— Problem requirements —
Leaving out all pictures, copy the lines below exactly, from the line with "Men's Unisex Clear" to the last line, both ends included.

+++ Data excerpt +++

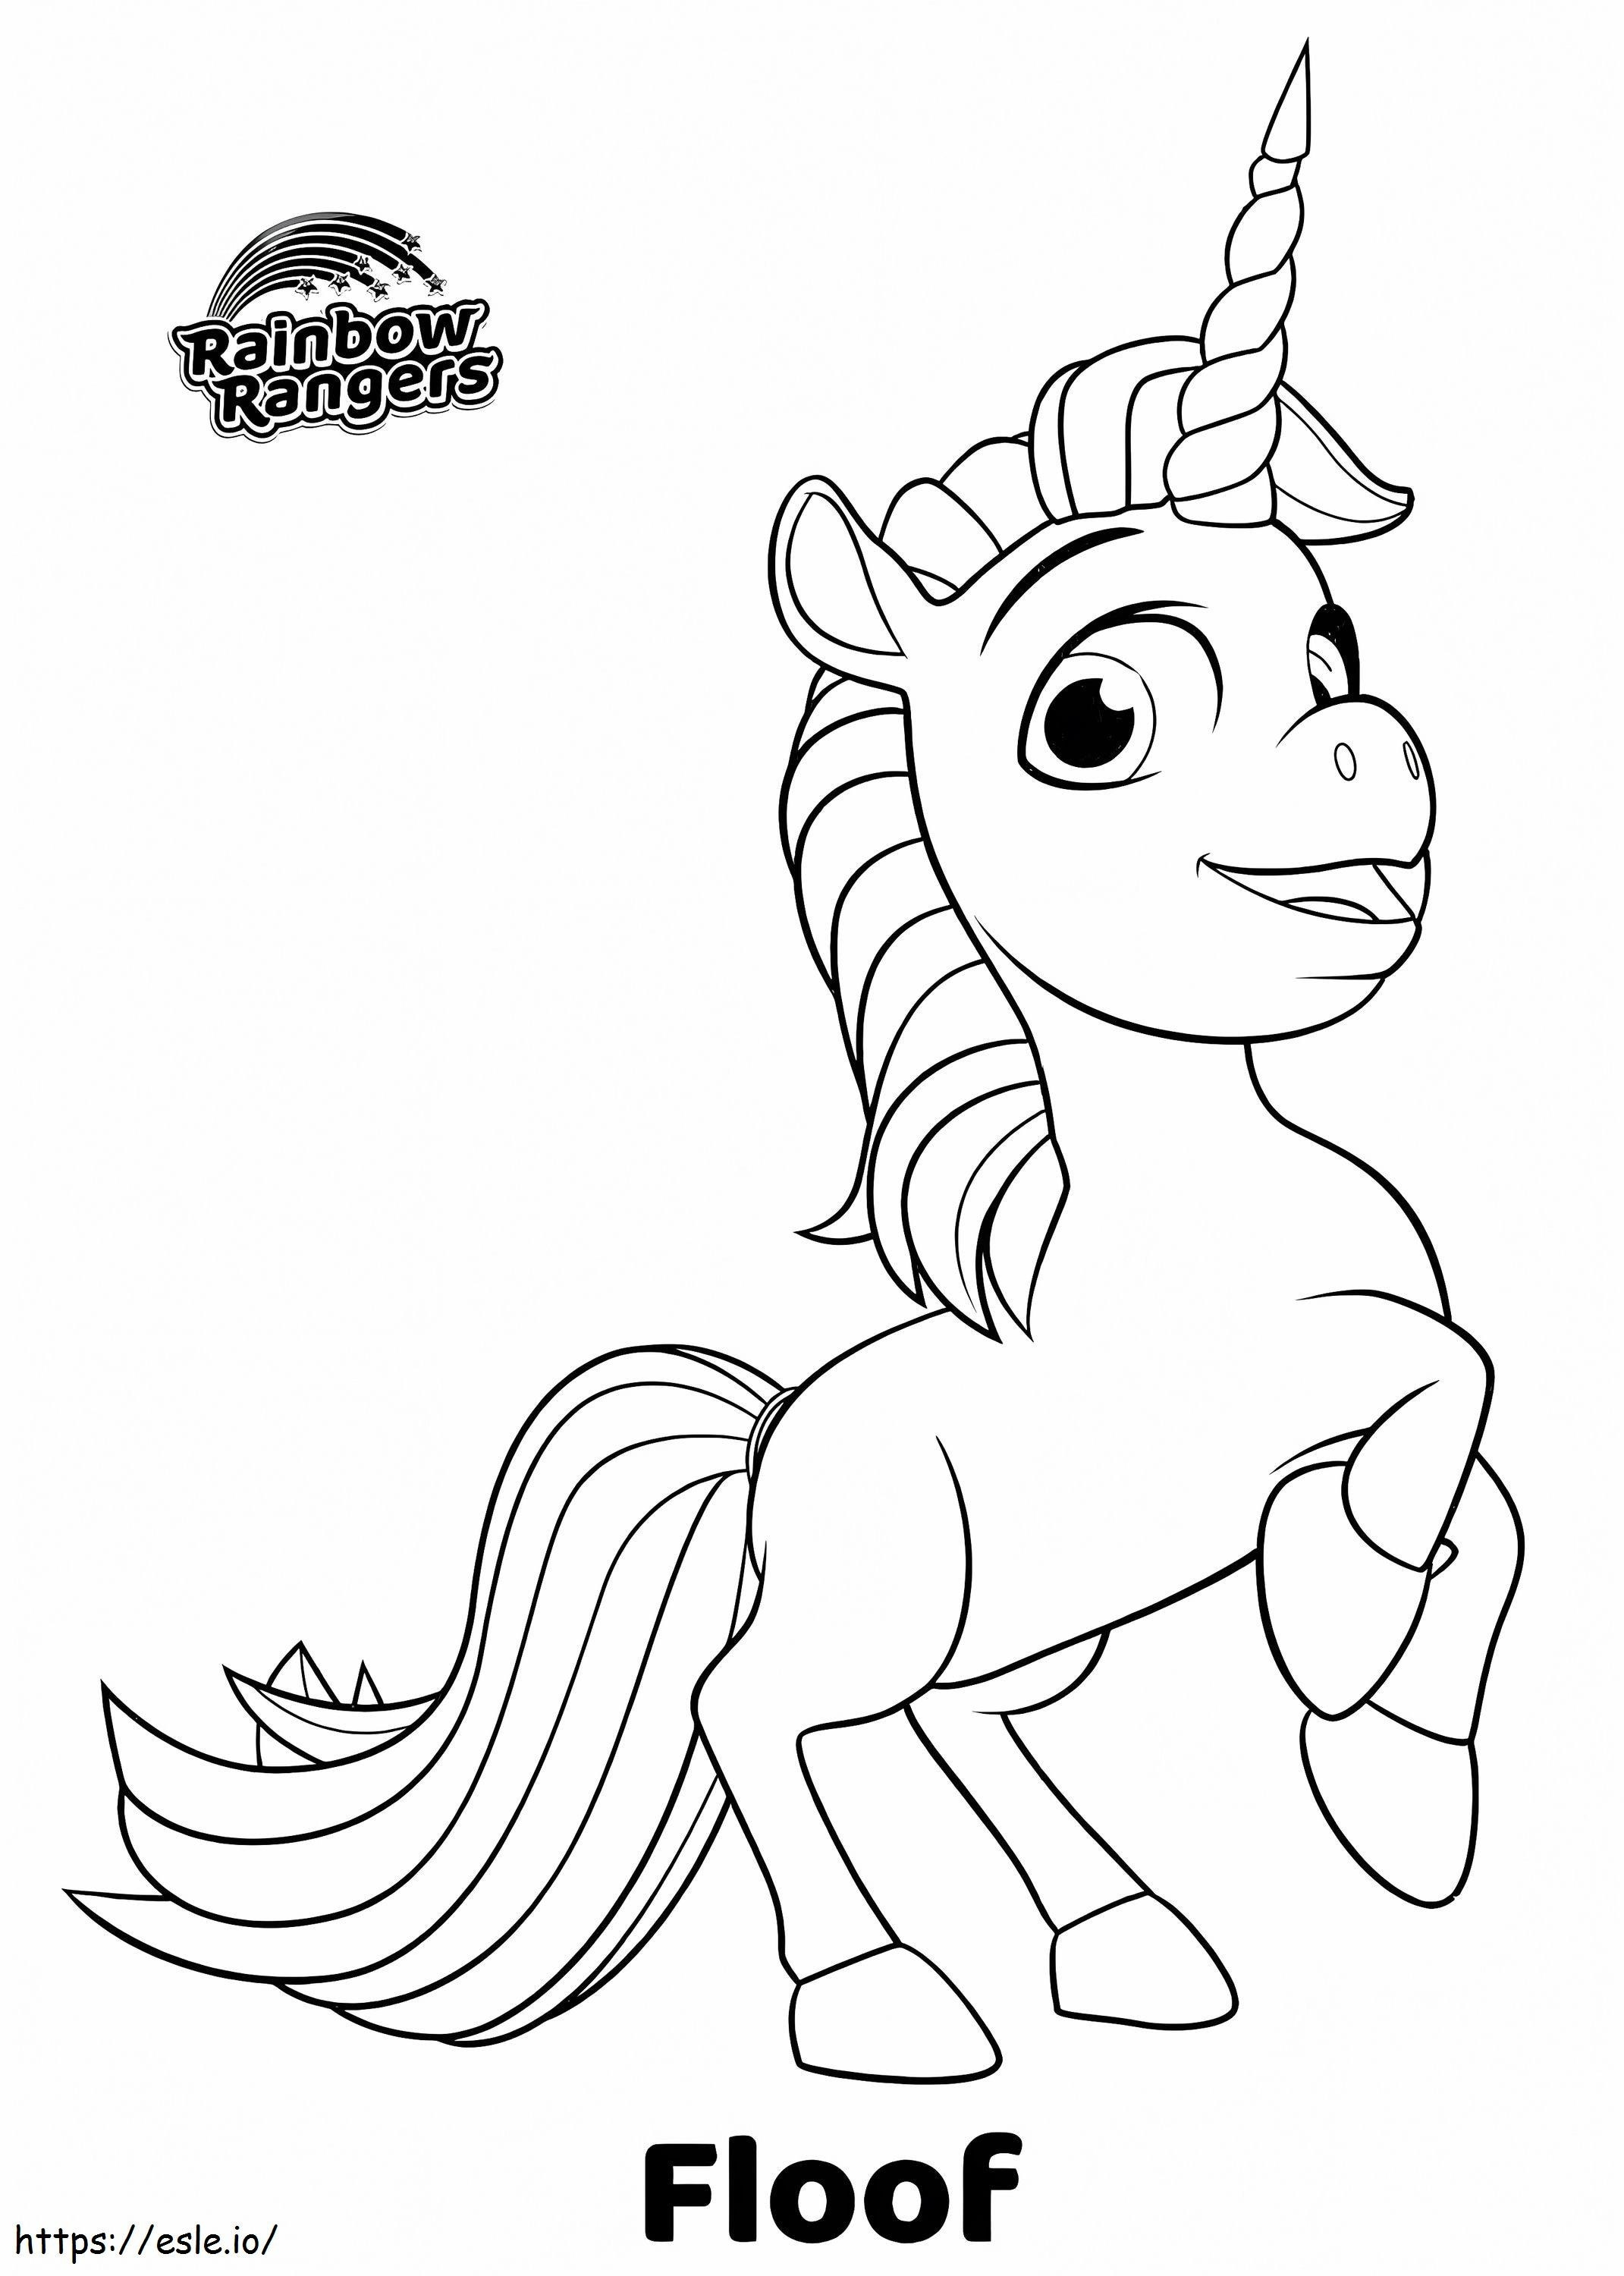  77Xwdbh Rainbow Unicorn para colorir
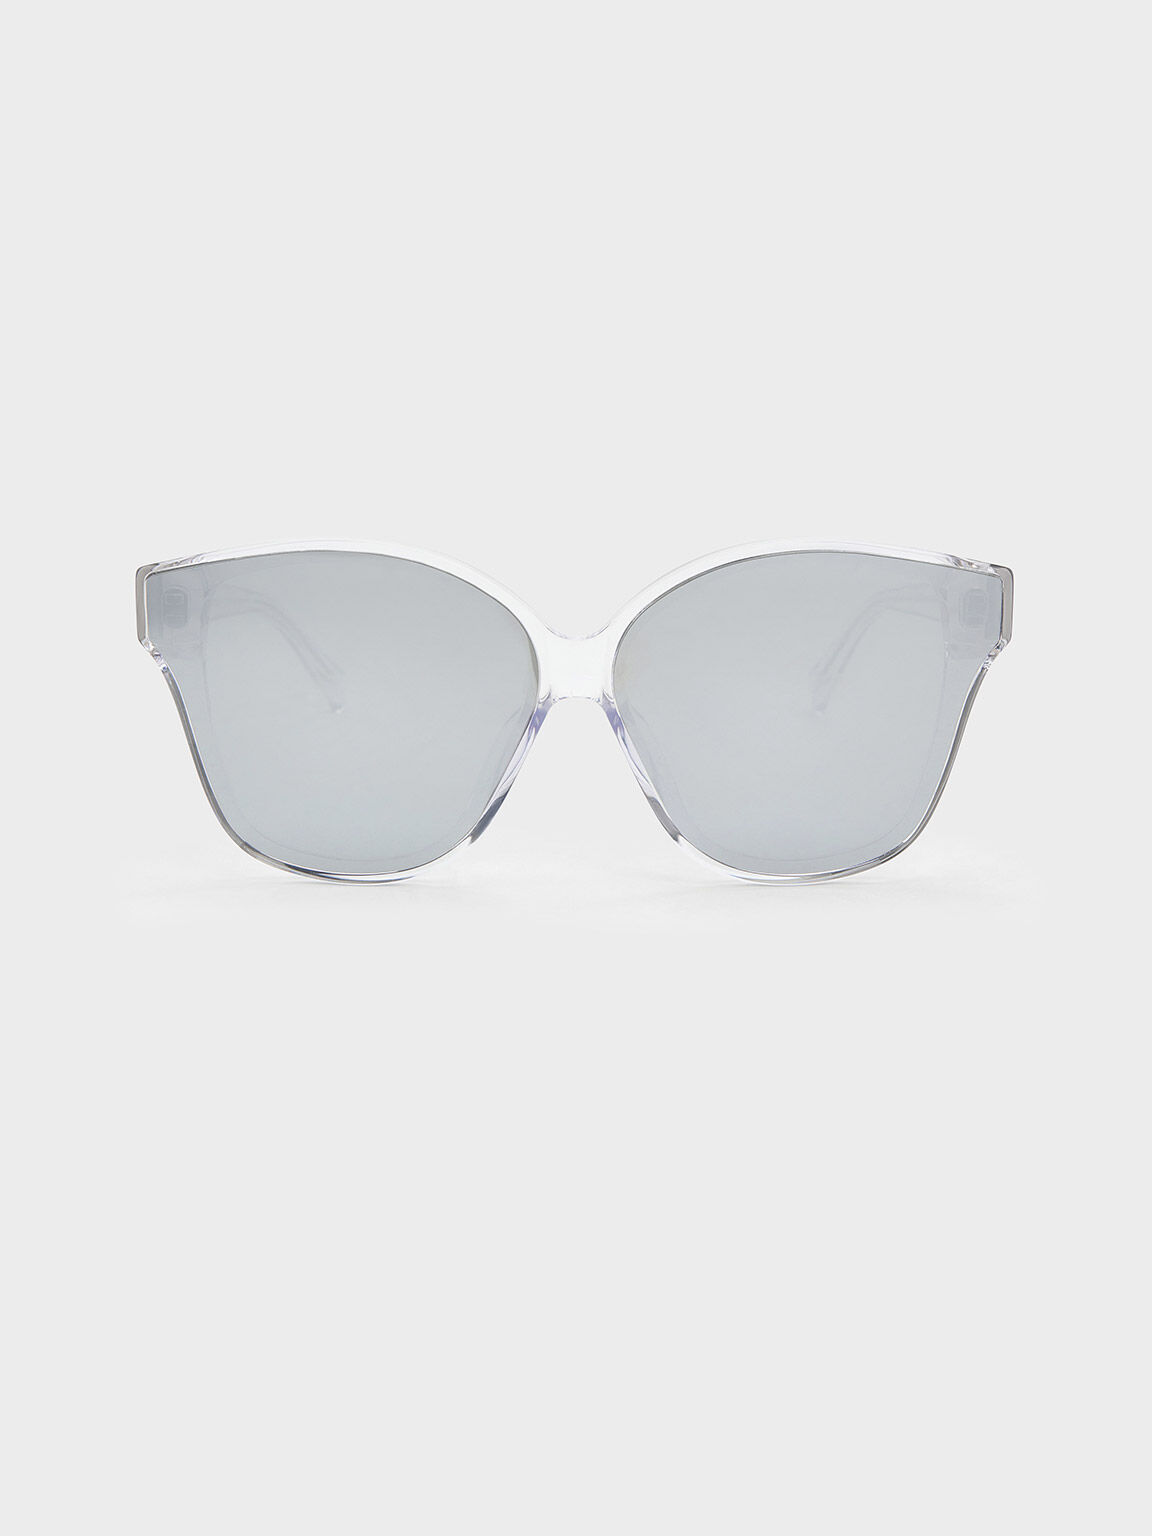 Men's Unisex Clear Transparent Acetate Sunglasses With Grey Lenses Lens |  eBay
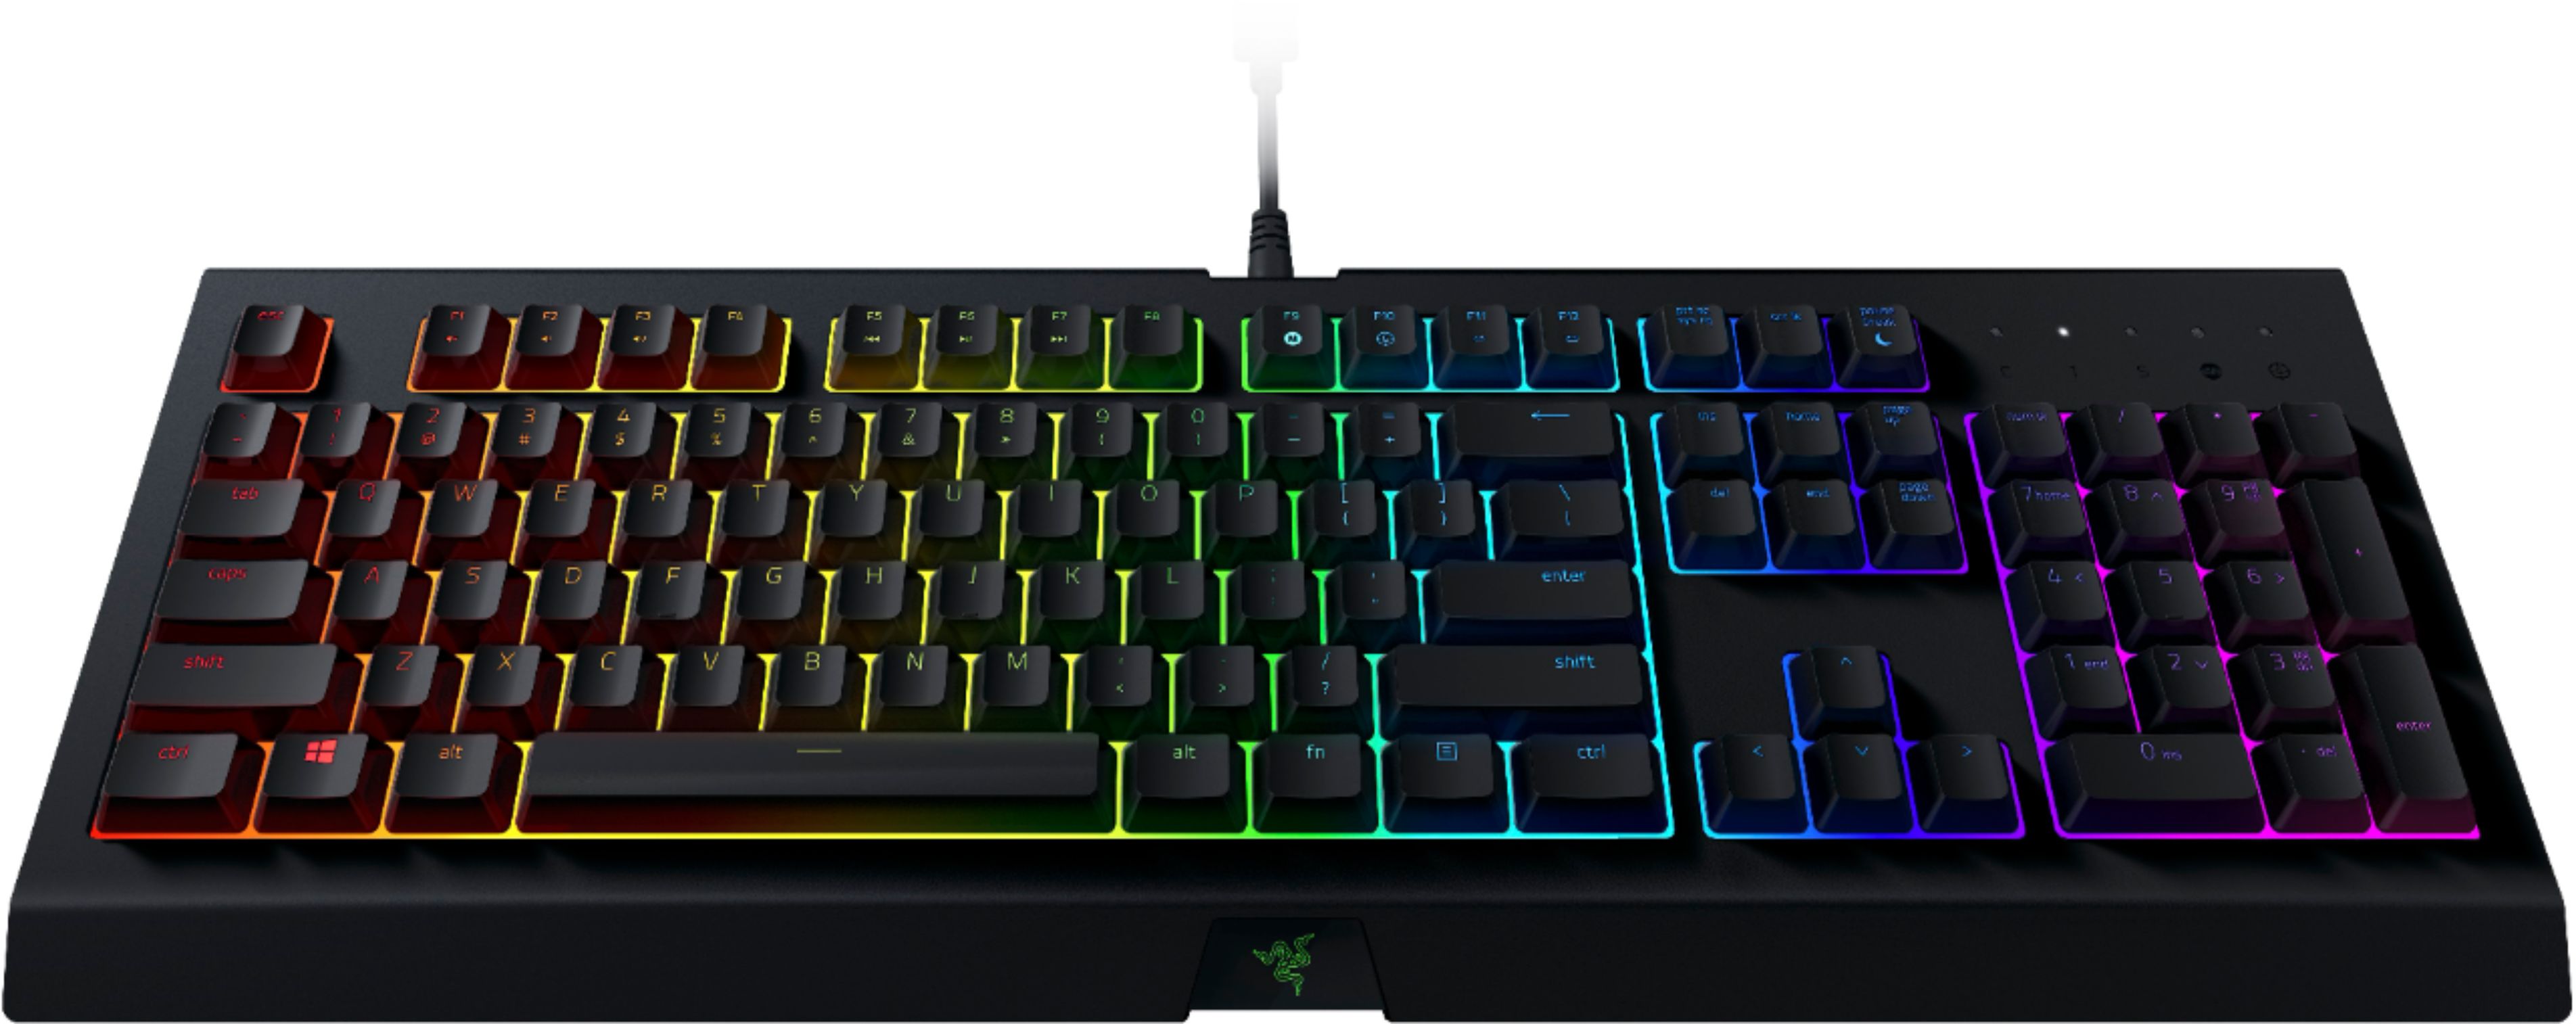 Razer Cynosa Chroma RGB Gaming keyboard Spill-Resistant Durable Design 
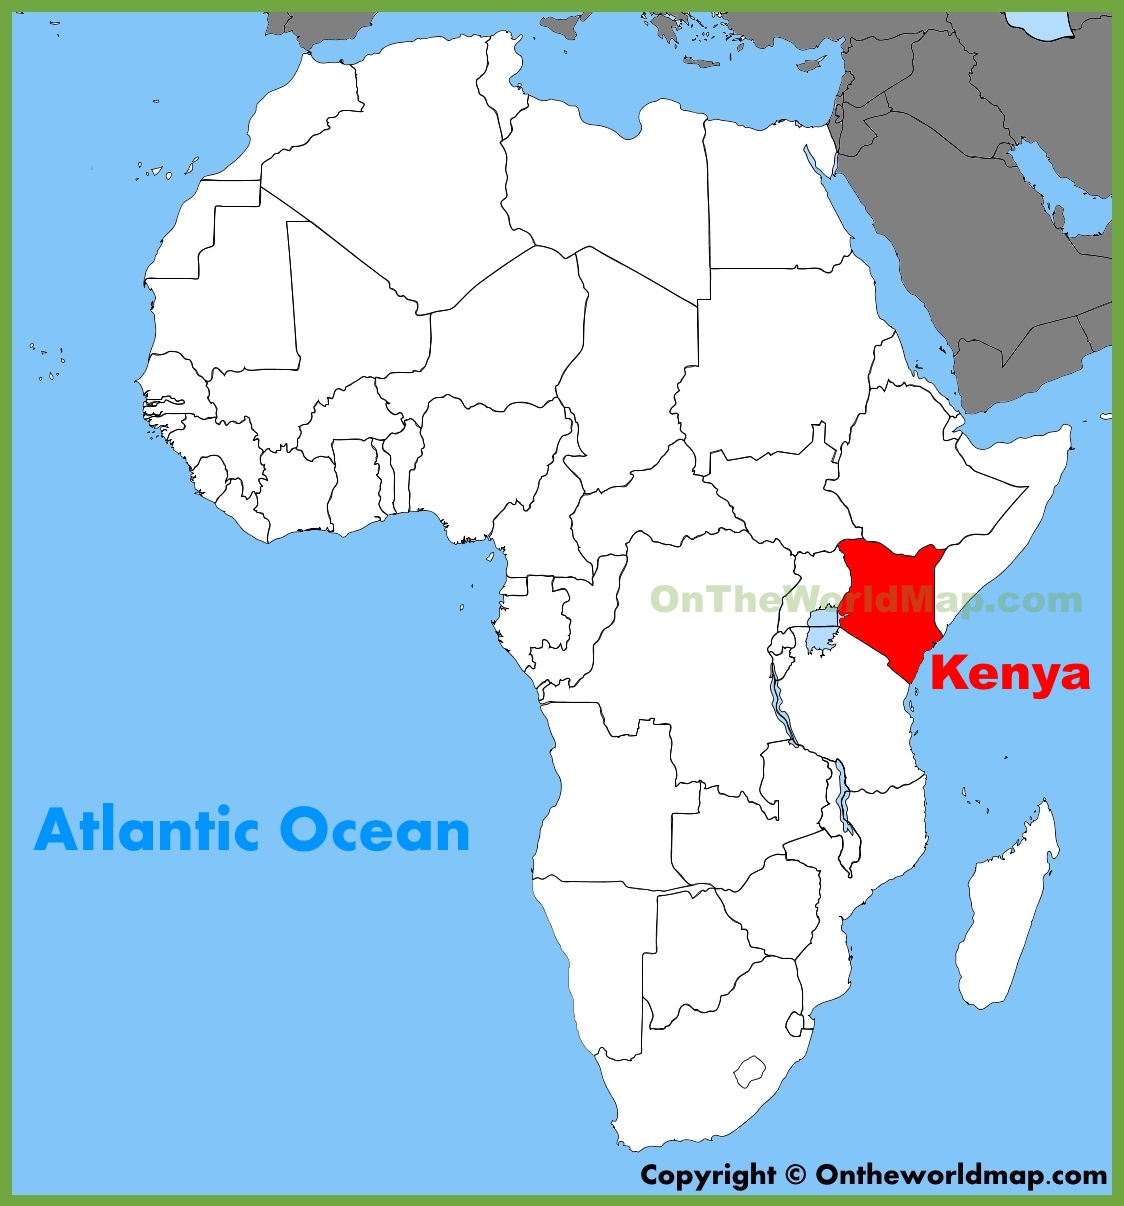 kenya-location-on-the-africa-map.jpg

+++

— Task solution —
 Men's Unisex Clear Transparent Acetate Sunglasses With Grey Lenses Lens |  eBay
 Razer Cynosa Chroma RGB Gaming keyboard Spill-Resistant Durable Design 
 kenya-location-on-the-africa-map.jpg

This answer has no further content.